> What the task asks: Only some lines are wanted: please transcribe exactly those from the one containing "Foto: ANDINA/Carlos Lezama" through the end of the data, pictures excluded.

> Given data:
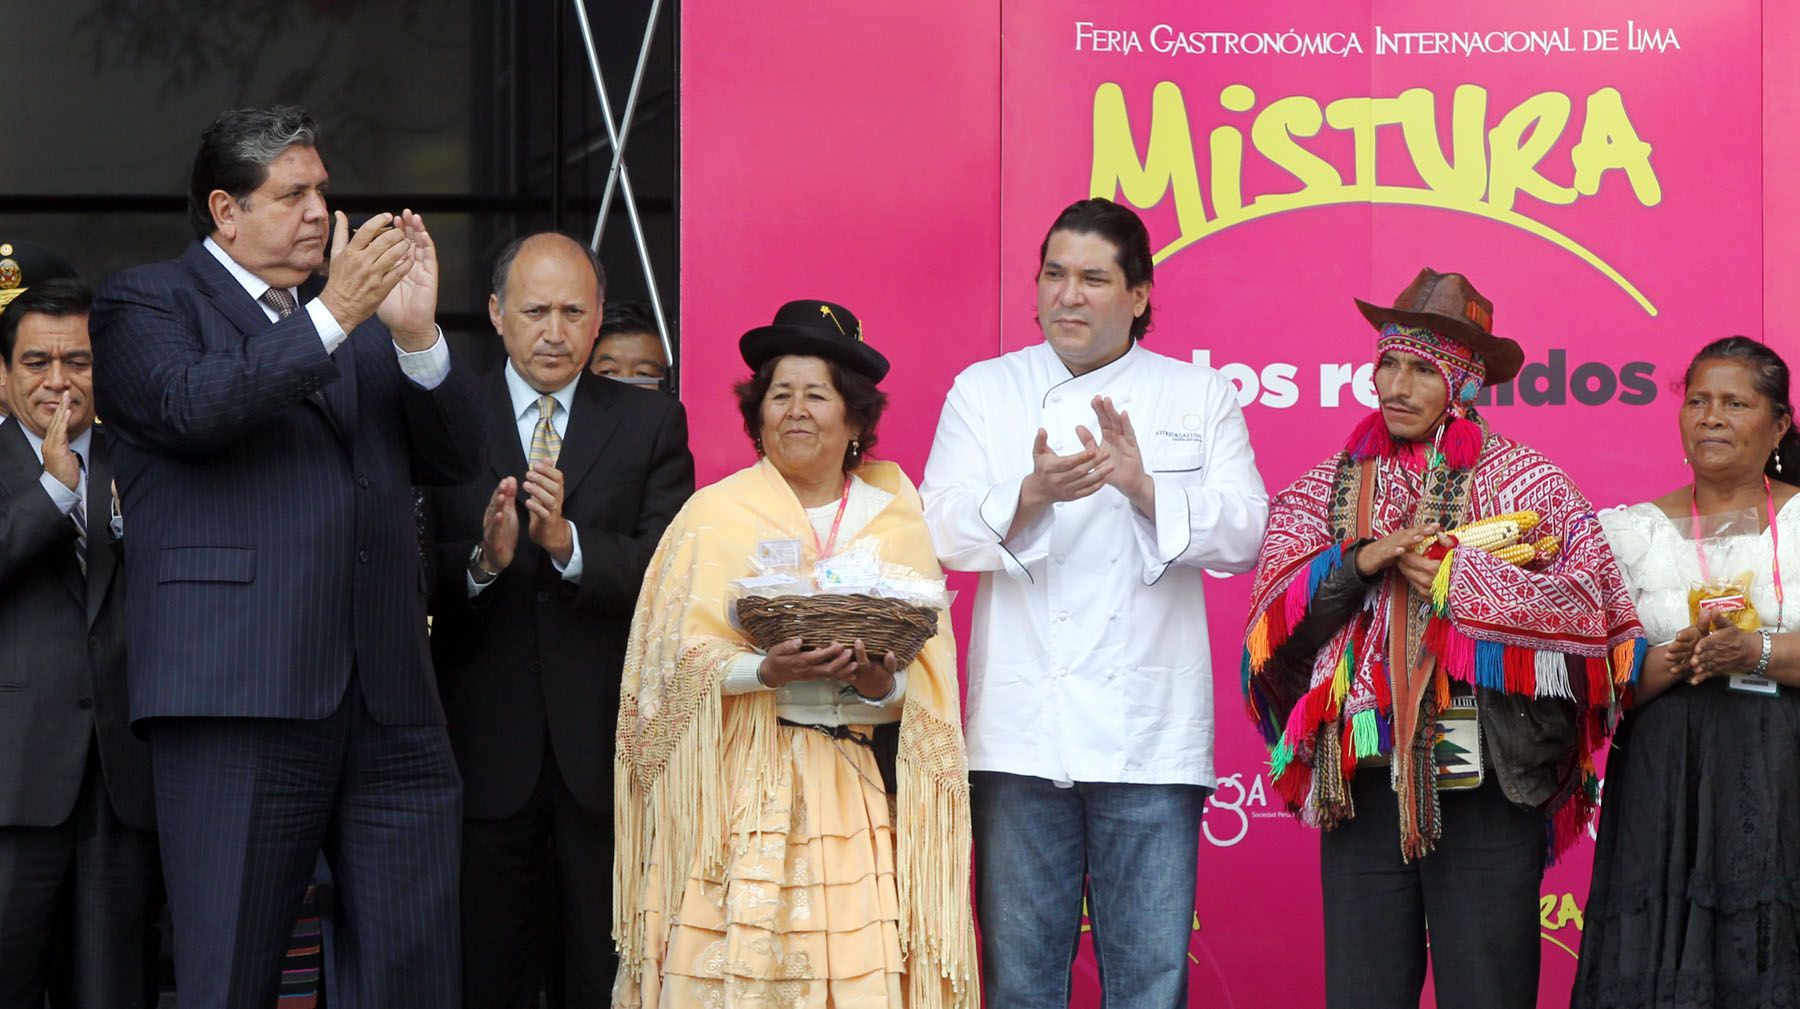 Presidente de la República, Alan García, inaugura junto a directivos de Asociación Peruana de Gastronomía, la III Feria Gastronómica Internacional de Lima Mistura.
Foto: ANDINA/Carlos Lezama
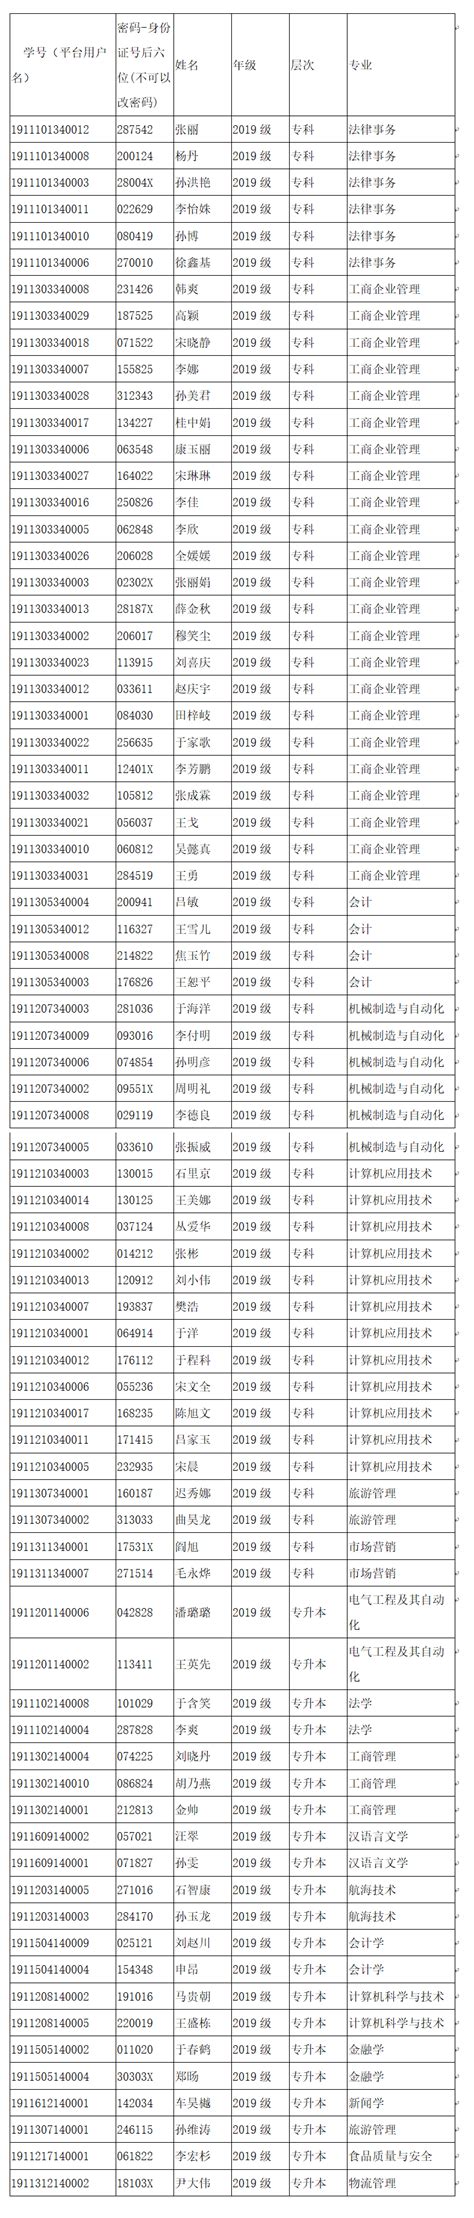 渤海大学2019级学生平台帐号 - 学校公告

> Expected answer:
Foto: ANDINA/Carlos Lezama
 渤海大学2019级学生平台帐号 - 学校公告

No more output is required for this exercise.